[EXERCISE] Give back every line of the material exactly, as it appears below.

[INFORMATION PROVIDED]

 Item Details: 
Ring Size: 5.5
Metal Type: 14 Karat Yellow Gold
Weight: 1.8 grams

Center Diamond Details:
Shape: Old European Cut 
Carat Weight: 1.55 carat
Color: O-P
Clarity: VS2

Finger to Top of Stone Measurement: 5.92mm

[ANSWER TO THE PROBLEM]
 Item Details: 
Ring Size: 5.5
Metal Type: 14 Karat Yellow Gold
Weight: 1.8 grams

Center Diamond Details:
Shape: Old European Cut 
Carat Weight: 1.55 carat
Color: O-P
Clarity: VS2

Finger to Top of Stone Measurement: 5.92mm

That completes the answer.